KEITH WHITCOMB JR.
BENNINGTON -- In the case of a Massachusetts man accused of lewd conduct, whose case went to the Vermont Supreme Court, the state agreed Friday with a plea agreement that lessened the charge from a felony to a misdemeanor because the man has a terminal illness.
On Feb. 24, 2010, Bruce Carrolton, 64, of Fall River, Mass., pleaded not guilty to two felony counts of lewd and lascivious conduct. Had he been convicted, each charge would have carried up to 5 years in prison. He pleaded guilty Friday to one count of prohibited acts, a misdemeanor, and was ordered to pay a $100 fine.
Deputy State's Attorney Christina Rainville said Carrolton is suffering from terminal cancer and did not appear healthy in court Friday. She said he lives in Massachusetts and a conviction in Vermont would require him to live here for a time while his probation was transferred to the state where he gets medical help. She called his case "extraordinary," and said were it not for his severe illness the state would not have considered such a plea agreement.

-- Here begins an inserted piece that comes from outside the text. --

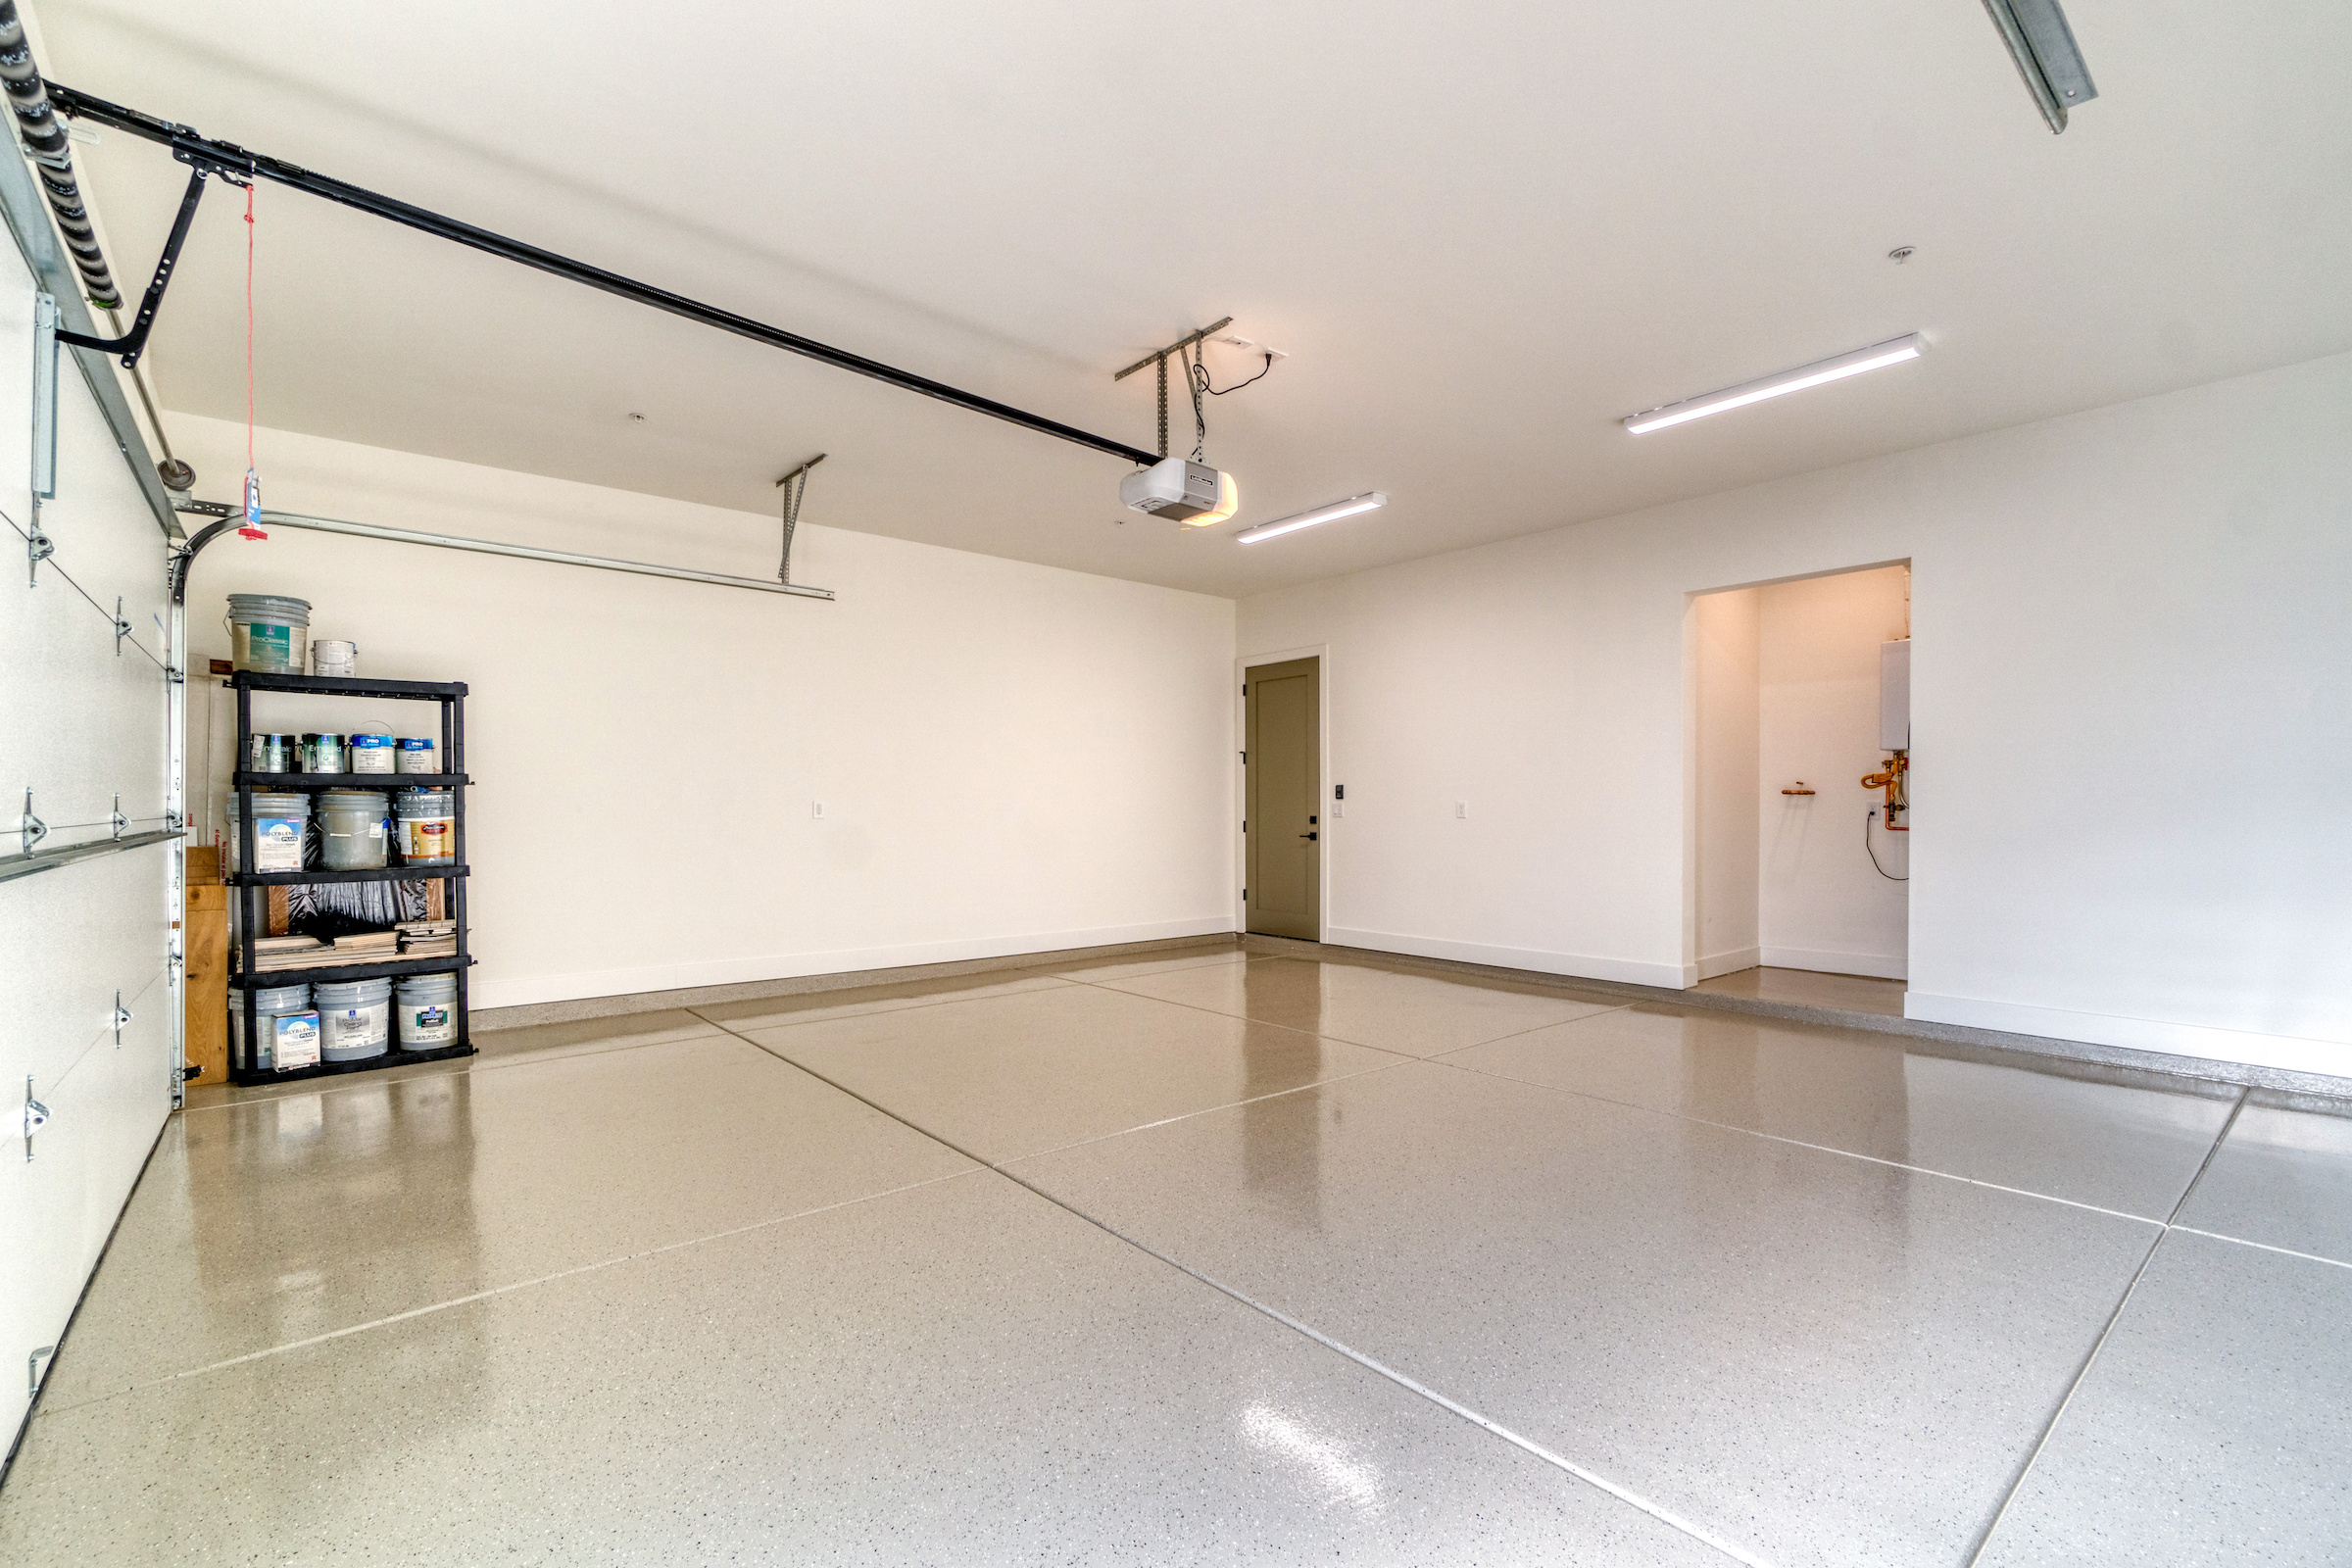 Interior garage with epoxy flooring

"His illness made it impossible to anything else, really," Rainville said, adding that the victim and her family were in support of the agreement. She said she could not comment on the nature of plea agreement talks made before Carrolton's illness was an issue.
According to an affidavit by Vermont State Police, on Jan. 26, 2010, police spoke with a 16-year-old girl in Colchester who said Carrolton had sat next to her while she slept and touched her twice in different places. Carrolton declined to speak to police at the time.
The case was charged in Bennington County because there was a conflict with the Chittenden County State's Attorney's Office. The Bennington Superior Court Criminal Division ruled that the state could only charge Carrolton with one count of lewd and lascivious conduct owing to State v. Perillo, a Vermont Supreme Court decision similar to Carrolton's in which the higher court ruled because the two incidents of touching occurred during the same short time frame, they only counted as one incident and therefore could only net one lewd and lascivious conduct charge.
The Bennington County State's Attorney's Office appealed the decision hoping the Vermont Supreme Court would overturn State v. Perillo, but it did not.